_WHAT YOU NEED TO DO_: Where a picture appears in the data below, exclude it; restate everything else word for word.

_SOURCE MATERIAL_:
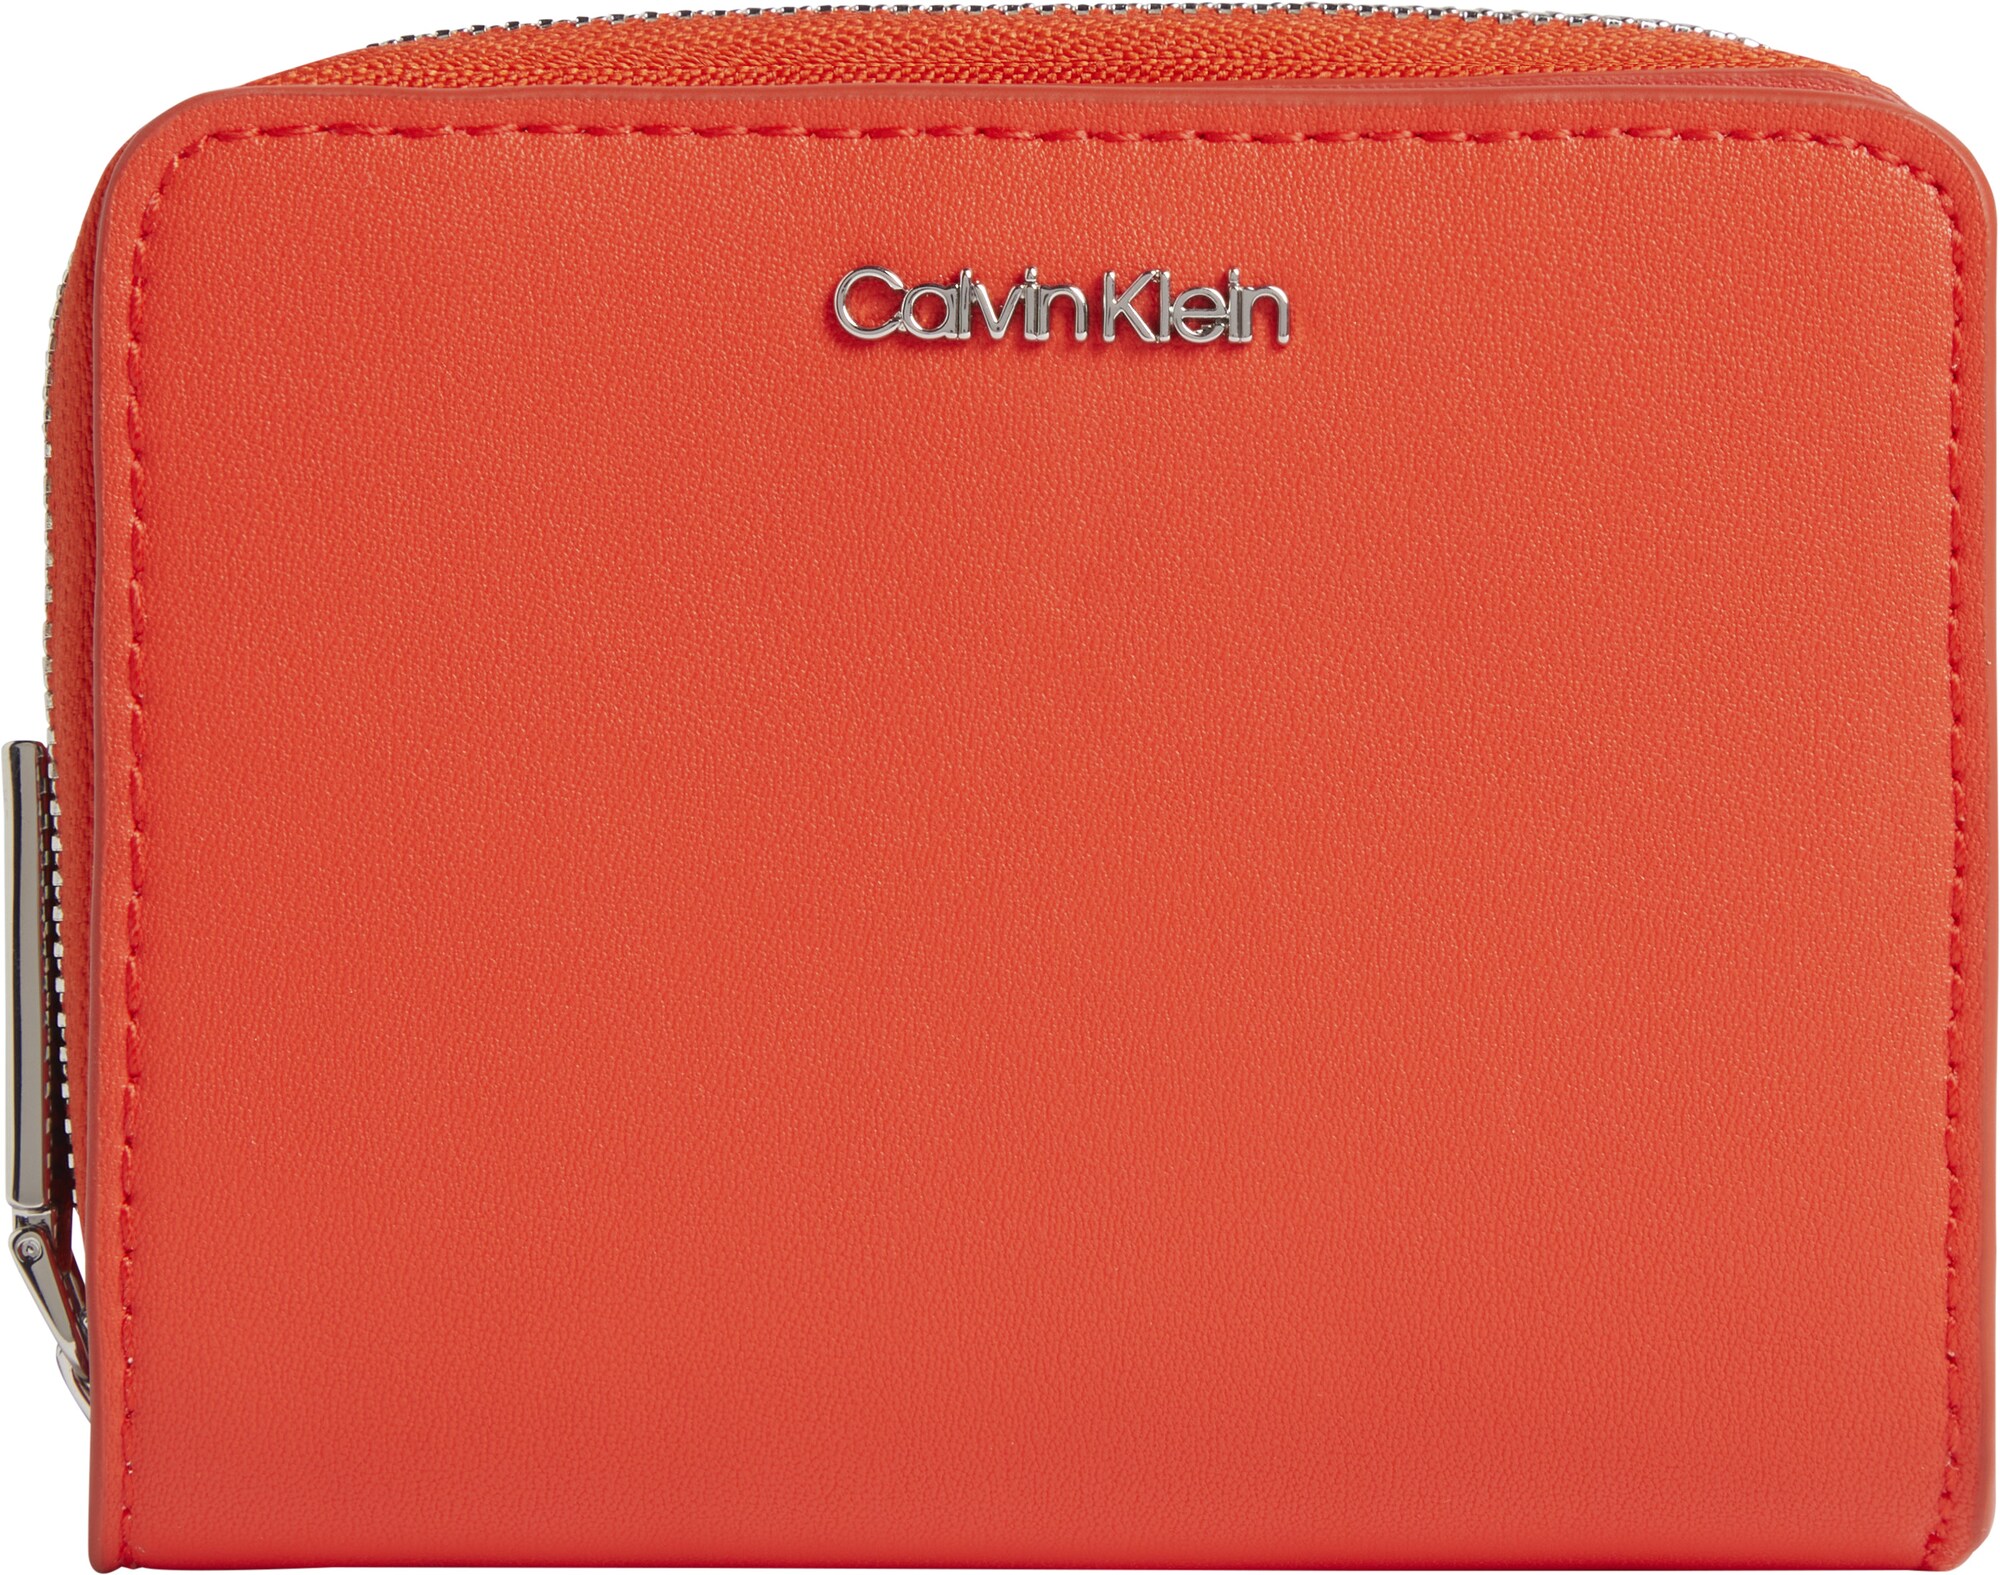 Calvin Klein Portemonnaie orange
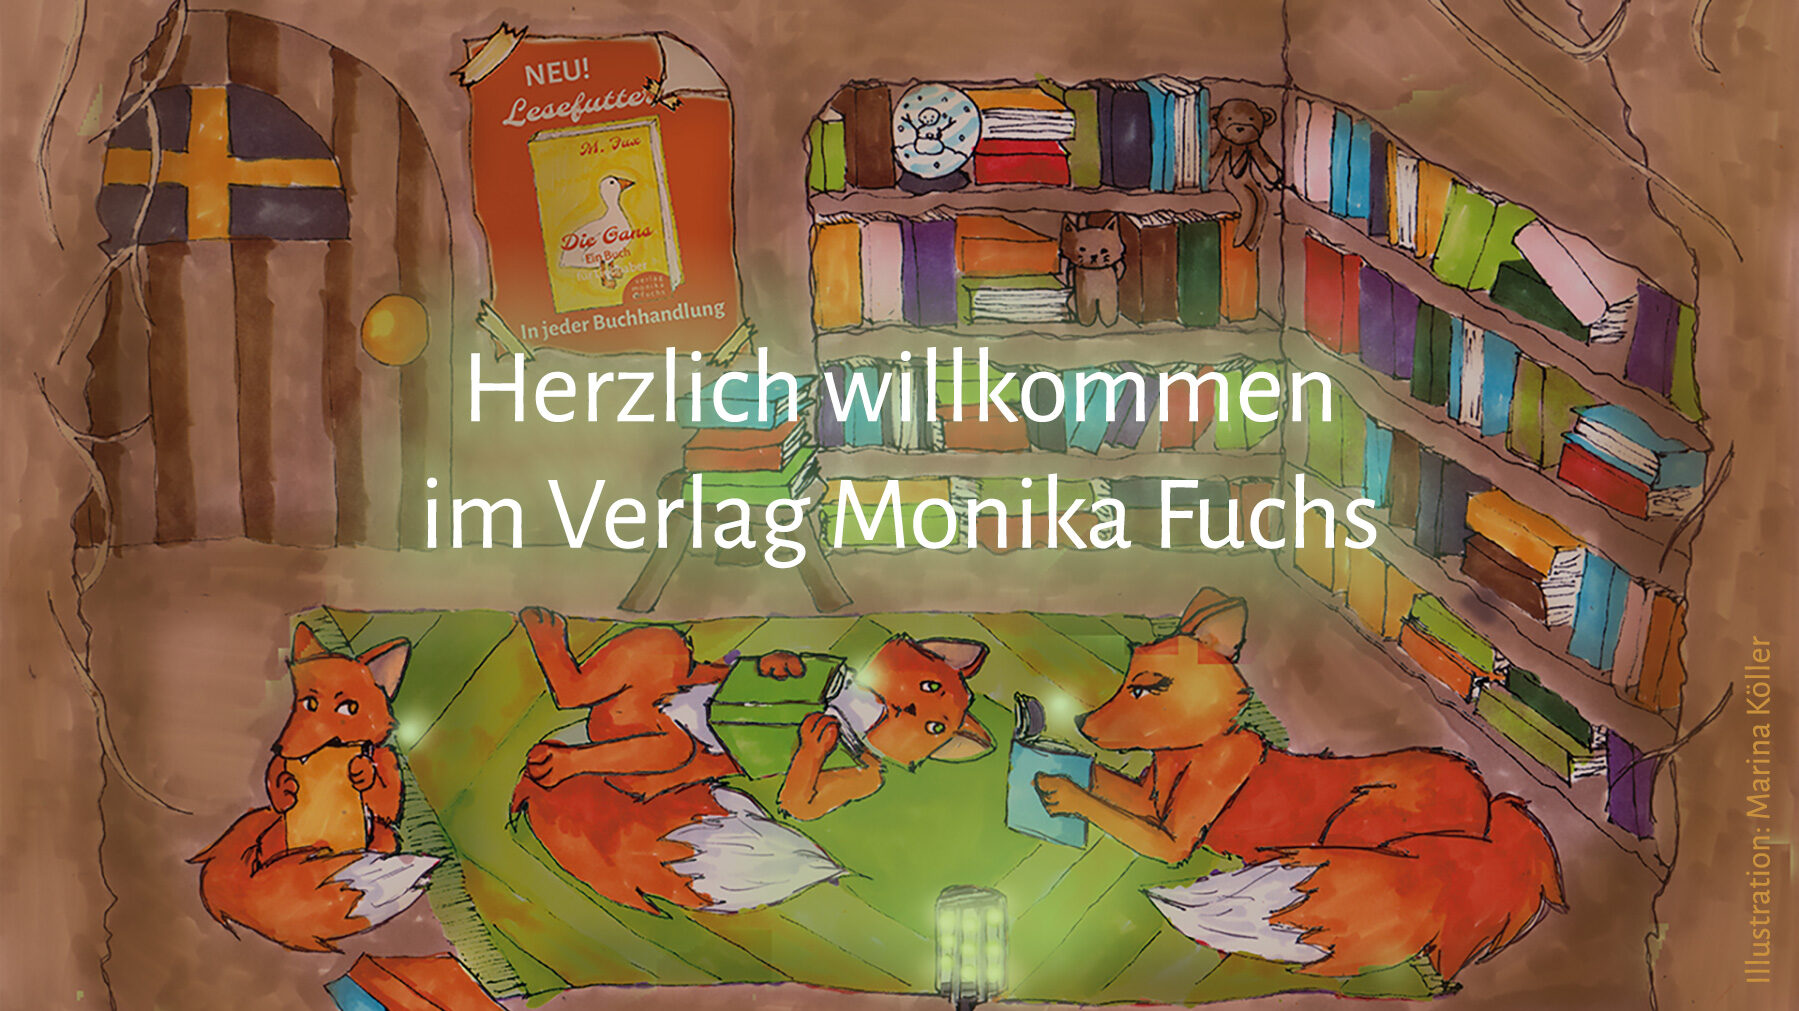 Sliderbild Fuchshöhle Herzlich willkommen im Verlag Monika Fuchs
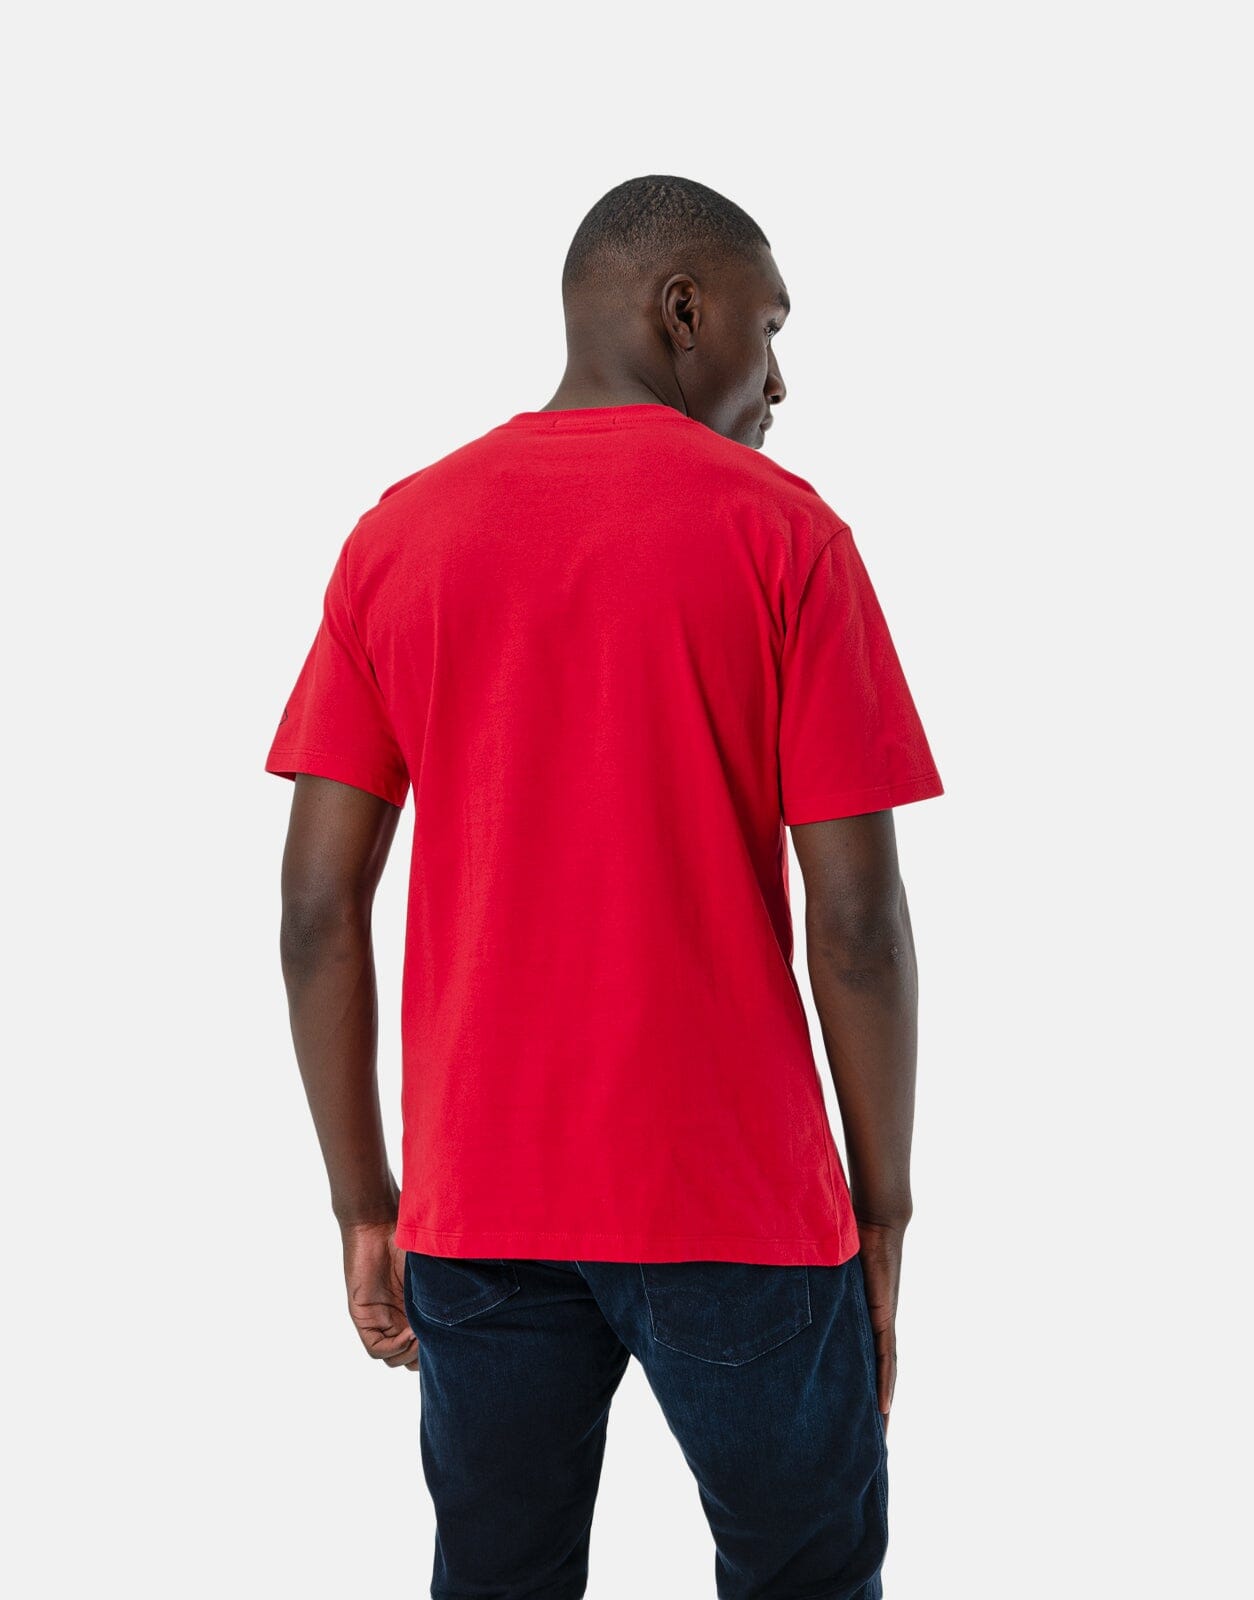 Replay Large Logo Red T-Shirt - Subwear

_RESPONSE TO THE TASK_:
 Calvin Klein Portemonnaie orange
 Sliderbild Fuchshöhle Herzlich willkommen im Verlag Monika Fuchs
 Replay Large Logo Red T-Shirt - Subwear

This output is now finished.